### AIM OF THE EXERCISE
Determine how many lines in the records hold "sale", then give that number by itself.

[Collection entries]
================

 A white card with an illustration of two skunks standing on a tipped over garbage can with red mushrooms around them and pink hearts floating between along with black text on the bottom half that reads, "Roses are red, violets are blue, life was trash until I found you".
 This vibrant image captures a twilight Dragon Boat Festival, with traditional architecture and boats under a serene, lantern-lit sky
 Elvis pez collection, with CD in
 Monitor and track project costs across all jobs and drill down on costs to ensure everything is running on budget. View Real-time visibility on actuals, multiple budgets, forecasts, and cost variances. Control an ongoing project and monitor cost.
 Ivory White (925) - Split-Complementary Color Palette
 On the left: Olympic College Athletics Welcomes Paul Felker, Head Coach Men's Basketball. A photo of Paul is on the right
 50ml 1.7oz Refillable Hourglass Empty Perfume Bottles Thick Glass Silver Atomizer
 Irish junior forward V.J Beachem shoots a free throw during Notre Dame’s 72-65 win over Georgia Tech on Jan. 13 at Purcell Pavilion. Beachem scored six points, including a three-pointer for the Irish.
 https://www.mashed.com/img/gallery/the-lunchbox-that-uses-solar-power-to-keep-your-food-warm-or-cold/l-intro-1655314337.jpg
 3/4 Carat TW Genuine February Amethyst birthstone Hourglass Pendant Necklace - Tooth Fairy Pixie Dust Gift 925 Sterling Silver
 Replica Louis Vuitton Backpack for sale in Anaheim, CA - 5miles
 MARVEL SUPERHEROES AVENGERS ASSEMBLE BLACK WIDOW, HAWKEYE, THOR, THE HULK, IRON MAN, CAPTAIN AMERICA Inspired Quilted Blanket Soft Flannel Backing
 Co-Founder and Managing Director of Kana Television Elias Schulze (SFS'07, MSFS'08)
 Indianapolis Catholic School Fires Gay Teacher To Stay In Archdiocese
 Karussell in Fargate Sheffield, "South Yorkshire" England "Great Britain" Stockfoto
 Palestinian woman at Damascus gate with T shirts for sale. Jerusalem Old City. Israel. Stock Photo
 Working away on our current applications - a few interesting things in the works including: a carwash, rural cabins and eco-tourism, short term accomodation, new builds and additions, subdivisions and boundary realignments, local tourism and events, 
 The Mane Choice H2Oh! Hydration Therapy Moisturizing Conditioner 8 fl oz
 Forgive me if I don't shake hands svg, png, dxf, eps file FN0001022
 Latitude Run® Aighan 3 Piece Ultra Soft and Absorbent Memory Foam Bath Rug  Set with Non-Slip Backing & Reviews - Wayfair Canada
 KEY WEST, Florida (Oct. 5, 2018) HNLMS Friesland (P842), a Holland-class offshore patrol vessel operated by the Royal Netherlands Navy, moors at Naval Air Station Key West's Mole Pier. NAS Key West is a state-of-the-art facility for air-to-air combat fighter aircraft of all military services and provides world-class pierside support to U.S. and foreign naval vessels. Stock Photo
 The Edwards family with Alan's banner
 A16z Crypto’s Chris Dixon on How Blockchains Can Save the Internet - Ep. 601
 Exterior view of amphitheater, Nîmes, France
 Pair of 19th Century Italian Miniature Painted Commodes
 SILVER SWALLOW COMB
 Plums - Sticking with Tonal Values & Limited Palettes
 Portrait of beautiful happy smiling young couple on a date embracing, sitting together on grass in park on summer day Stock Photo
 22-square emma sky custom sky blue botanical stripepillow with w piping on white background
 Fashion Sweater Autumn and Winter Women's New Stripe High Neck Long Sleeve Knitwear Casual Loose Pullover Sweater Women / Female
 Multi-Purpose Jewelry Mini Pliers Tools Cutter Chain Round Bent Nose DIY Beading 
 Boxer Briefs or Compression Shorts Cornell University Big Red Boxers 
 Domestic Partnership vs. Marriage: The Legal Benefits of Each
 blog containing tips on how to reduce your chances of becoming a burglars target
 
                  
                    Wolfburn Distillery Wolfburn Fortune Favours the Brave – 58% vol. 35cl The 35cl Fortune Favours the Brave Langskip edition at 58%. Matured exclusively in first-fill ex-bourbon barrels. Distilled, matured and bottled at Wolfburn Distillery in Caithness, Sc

================

### TASK SOLUTION
2